Coca-Cola Enterprises, which was spun off from Coca-Cola Co. in 1986, has most of its business in Spain, Germany and other European countries, but has been paying taxes at U.S. rates. While the top U.S. corporate income tax rate is set at 35 percent by statute, the company’s effective rate was 20 percent last year, due to offsets from foreign tax credits. In the U.K., the top statutory corporate income tax rate is 20 percent.
U.S. law allows companies to defer taxes on foreign earnings that the company keeps offshore, and Coca-Cola Enterprises has been keeping about $1.8 billion overseas. A new U.K. address would allow it to tap that profit without triggering U.S. taxes.

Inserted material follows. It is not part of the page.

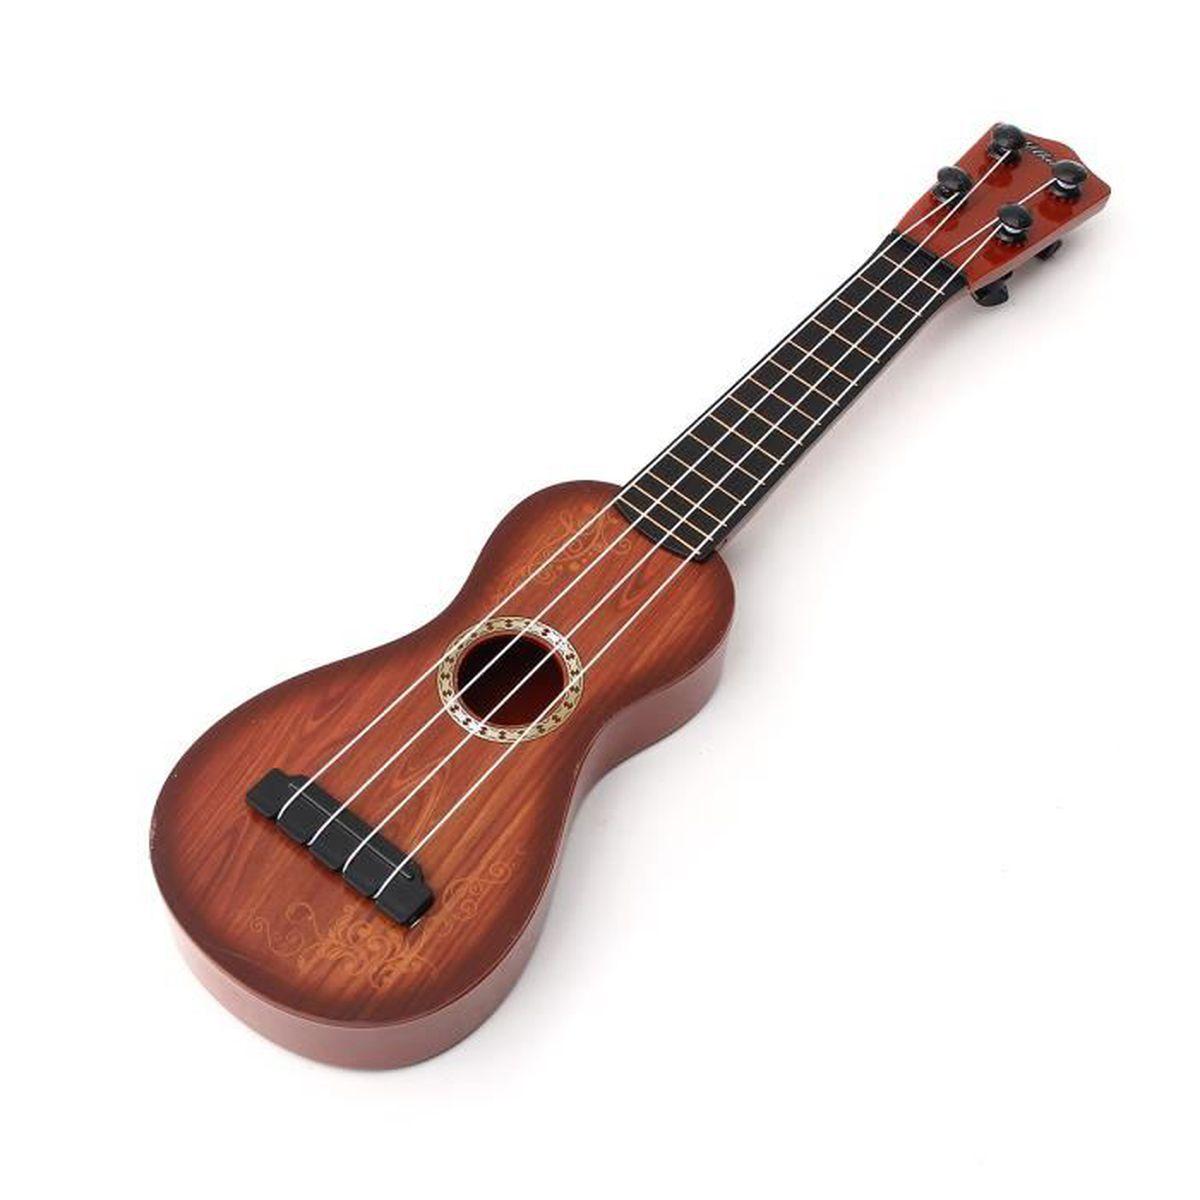 38cm 4 cordes mini ukul l guitare jeur instrument musique classique cadeau cafe achat vente. Black Bedroom Furniture Sets. Home Design Ideas

Coca-Cola Enterprises insists that tax benefits weren’t driving the merger. “This is not even remotely a tax-driven transaction,” John Brock, its chief executive officer, told reporters and investors last August when the deal was announced. “It’s a strategic and operational transaction.”
Still, the company’s April 11 filing said the merger “will result in significantly enhanced cash management flexibility, including access to non-U.S. cash flow with associated financial benefits, as compared to incorporation in the United States.”
Bret Wells, an associate law professor at the University of Houston Law Center, said that’s jargon for gaining access to offshore cash and for the intra-company loans targeted in the Treasury proposal. “The fact is that it is cheaper and less tax costly to run U.S. businesses from non-U.S. platforms,” he said.